We next extended our investigation of multiple novel genes to an independent cohort of high-grade tumors, and a cohort of low-intermediate-grade tumors for comparison. Similar frequencies and mean levels of methylation, as determined by pyrosequence analysis, were apparent within the discovery and investigation cohorts of high-grade tumors, suggesting our approach for the identification of candidates by array analysis was robust. Interestingly, many of the genes identified as novel and differentially methylated were also inappropriately methylated in low-intermediate-grade tumors. However, and despite the absence of genes as being exclusively associated with either high- or low-intermediate-grade tumors, the frequency and mean levels of gene-promoter methylation in the high-grade tumors were significantly higher than in the low-intermediate-grade tumors. Indeed, similar observations with respect to differences in the frequencies of methylation between high- and low-grade bladder tumors were first suggested by Ibragimova et al.Citation47 Similar subtype and/or grade-associated differences have been reported in other tumor types including, pituitary, breast, and colon cancer subtypes.Citation37,48,49 In our analysis of NMIBC it remains unclear whether the increase in frequency and/or mean levels of methylation in the more aggressive tumors represents a more rapid accumulation of epigenetic changes during tumor progression, or reflects distinct epigenetic pathways of tumor development and outgrowth.Citation50,51 Our findings may therefore reflect either of the described scenarios in the more aggressive (high-grade) tumors and suggests that these tumors are either consequent to progression from low-intermediate-grade tumors, or are the progeny of aberrations in distinct epigenetic pathways within these NMIBC subtypes. Moreover, the identification of different patterns of methylation between tumors represents an important area for future investigation. In this case, methylation may hold promise as an ‘at diagnosis’ biomarker of long-term tumor outcome, similar to that described in colorectal, breast and lung cancers.Citation52-54
Although many of the novel genes we identified have not been previously reported in bladder cancer, their inappropriate methylation, accompanied with gene-silencing, has been reported in the context of other tumor types and suggests potential roles as tumor suppressor genes.Citation55,56,57 To determine associations between methylation and gene expression, we confined our studies to genes showing frequent and/or high mean levels of methylation.

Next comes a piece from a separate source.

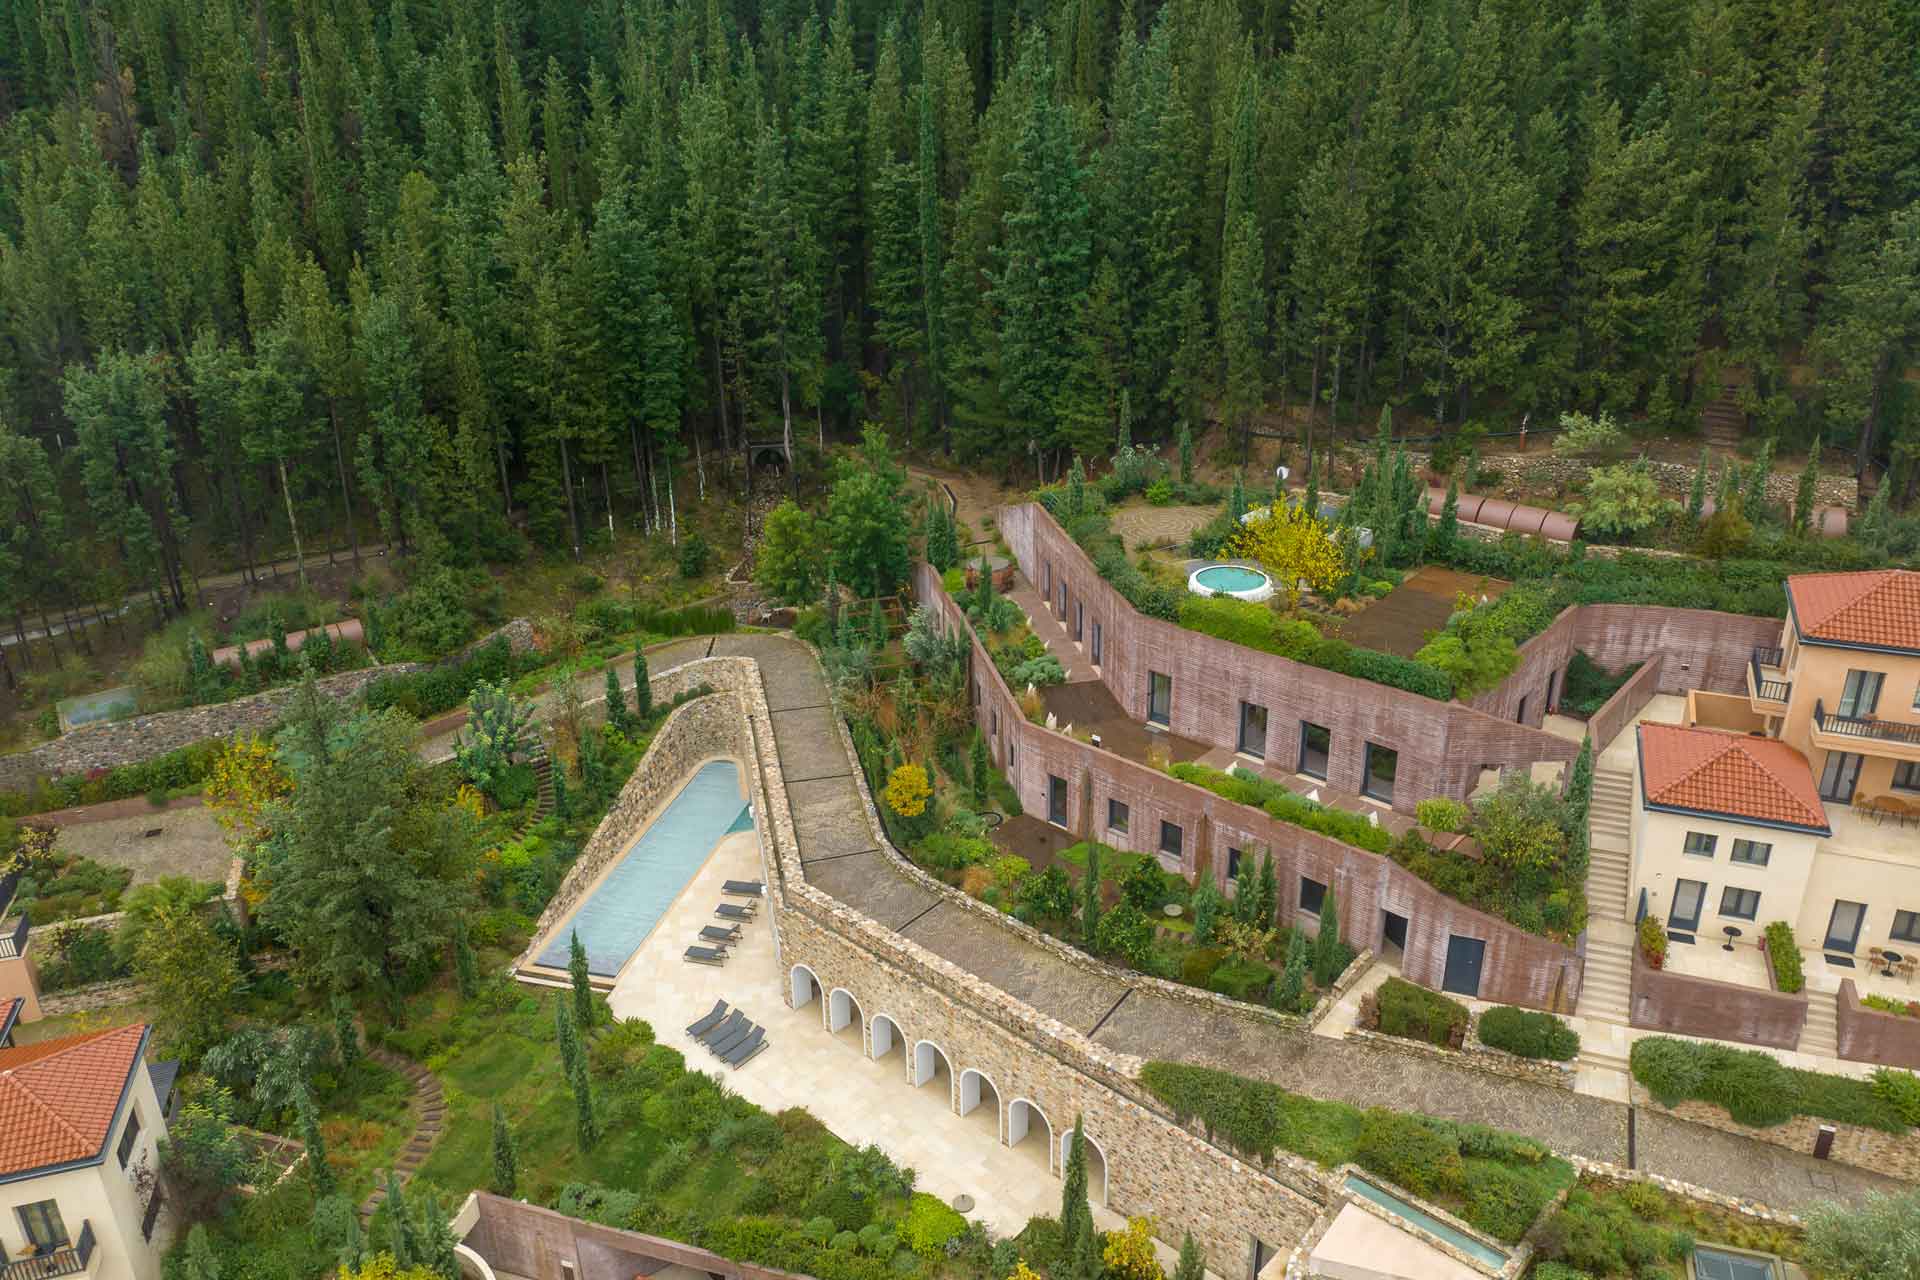 Aerial view of Euphoria Retreat Wellness Resort in the Spartan mountains.

For the majority of gene-transcripts we investigated, promoter methylation was negatively correlated with reduced transcript expression, although not significantly so (data not shown). However, as described by our own and other groups, this may reflect a passenger-driver phenomenon where, in the ‘passenger’ context, gene expression is not directly influenced by the observed epigenetic modification(s).Citation58,59 However, for four of 17 transcripts we examined, significant correlations between methylation and transcript expression were apparent. In these cases, and for the PON3, STAT5a and VAX2 genes, promoter methylation was significantly associated with reduced gene expression, while the converse was true for the ARHGEF4 gene. Such associations are similar to those described previously in multiple other cancers and in NMIBC.Citation20,21,43 Indeed, for two of these genes, PON3 and STAT5a, previous studies in mice and cell-line models have described potential tumor suppressor roles.Citation60,61 If this is the case, then these genes may represent important targets for further studies of functional the significance of methylation and reduced expression in a bladder tumor context, including in vitro investigations of demethylating agents designed to restore gene expression.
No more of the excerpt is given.